How Active Are You? ~ (b) How Much Exercise is Enough?

Tuesday, 23 May, 2023

How much exercise is enough to optimise the quality and quantity of our days? How much exercise do I need to do on a weekly basis to keep me healthy?

We know from the first blog in this trilogy that sedentary behaviour is not good for us (yes, that is an understatement ~ read more here).

Thanks to more amazing, methodical science, we can compare apples with oranges on the kinds of exercise people choose to do in terms of how much energy they use doing that activity (e.g. do you use more energy playing basketball or doing a HIIT session?), and ranking each activity into sedentary, light, moderate and vigorous categories depending on how much energy you consume while engaged in that activity.

This allows us to look at all the activities a person engages in throughout a day, and obtain an overall measure of their activity. Then it is also possible to identify a pattern regarding how often that person breaks their sedentary behaviours. Both of these elements impact the person's all cause mortality and thus their health status.

Now I’d like to know, how much exercise is enough to optimise the quality and quantity of our days? How much exercise do I need to do on a weekly basis to keep me healthy?

Back to the question we began with then. How much exercise, how often and how intense is going to keep us healthy? We now need to establish the frequency and duration of activity we put into our days.

From here the scientists did oodles of work to determine just how much light/moderate/vigorous activity was required at what frequency to lower our all cause mortality risk and keep us healthy. 

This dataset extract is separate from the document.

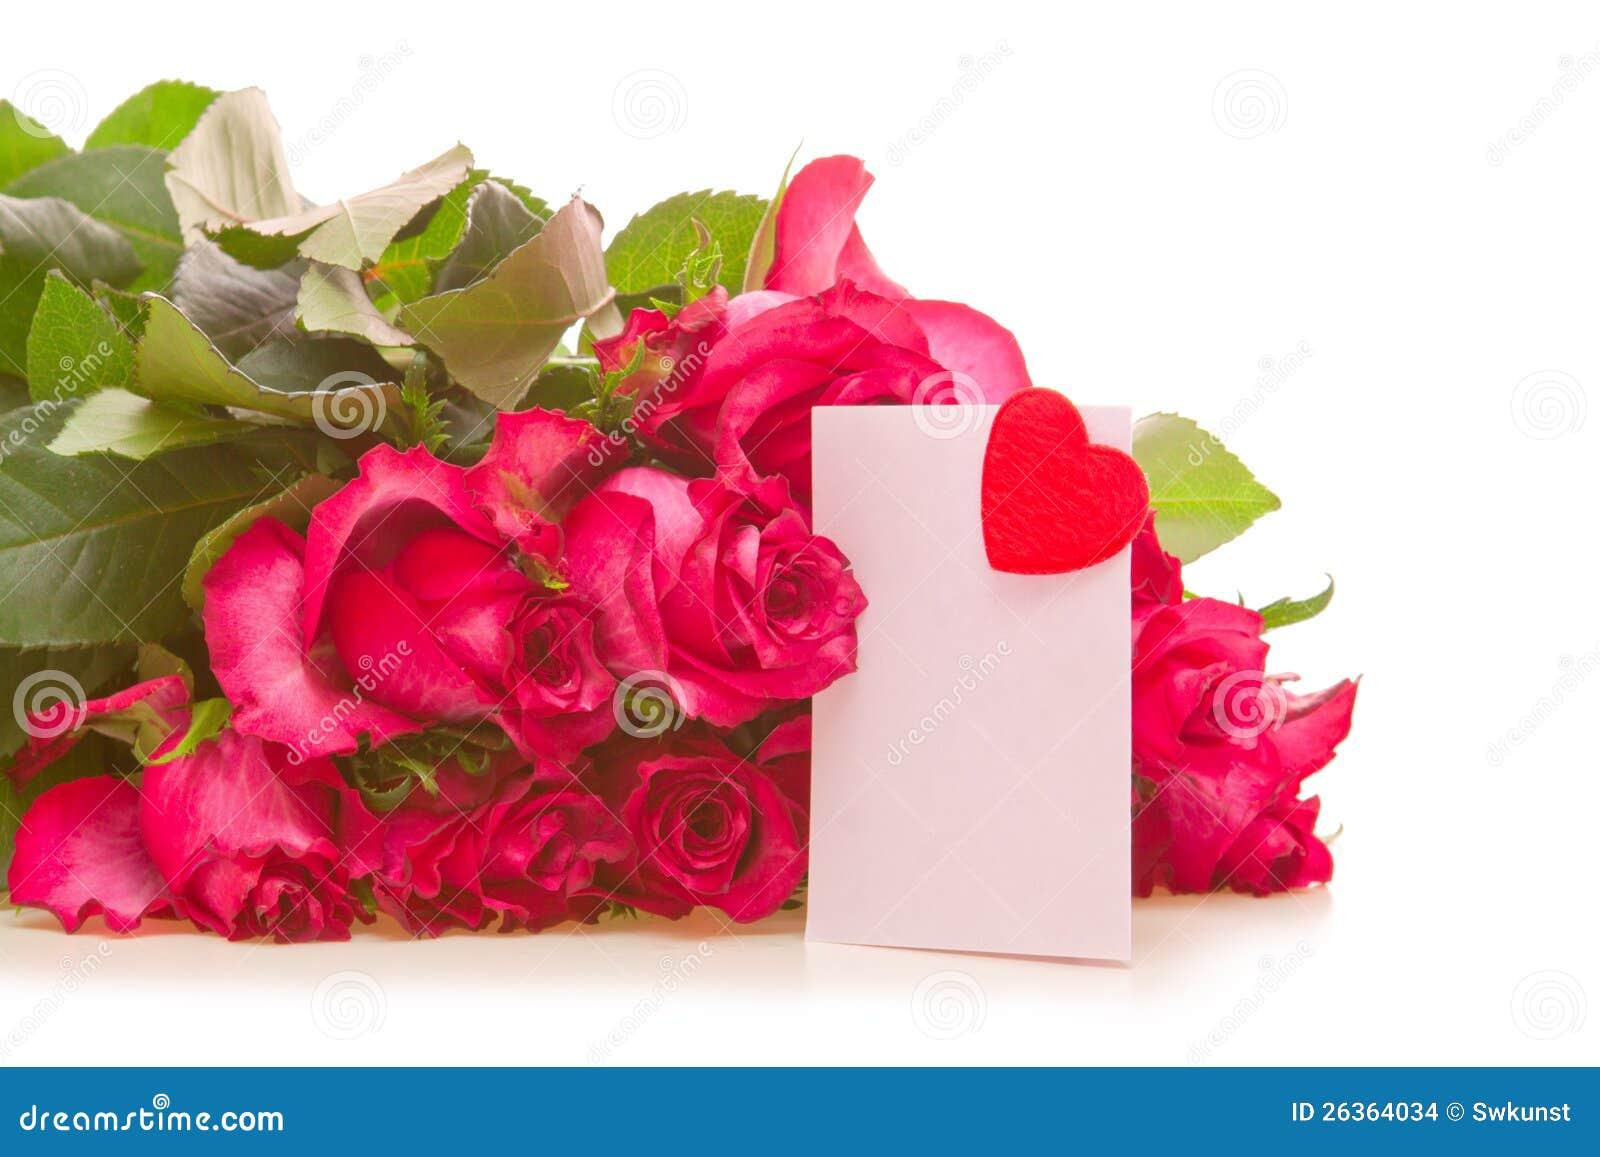 Rosen-Blumenstrauß mit Kupons

Various governments from around the world have recognised that increased health risk means more dollars the government must shunt into the health portfolio to look after their deteriorating populace. Those governments have taken the data on sedentary behaviour and activity requirements for health, and they’ve put out their own public health recommendations on “Physical Activity and Exercise Guidelines”. They recognise that prevention is the key (and less drain on the national health budget). You can access the Australian version here.

The Australian ‘Physical activity and exercise guidelines for all Australians” (PAEGA) point out that activity guidelines need to be age specific. Here’s a copy of their summary of the science in terms of guidance for us regarding activity at different stages of our life:

From here I'd like to focus on the 18-64 non-pregnant group, as the plan gets tweaked for pregnant people and those 65 and over.

In summary, the Australian PAEGA recommends that most adults sit less, move more and do a minimum of five 30 minute sessions of exercise each week ~ with two of those sessions involving resistance work of some kind (i.e. a kind of exercise where you work your muscles to build strength and endurance).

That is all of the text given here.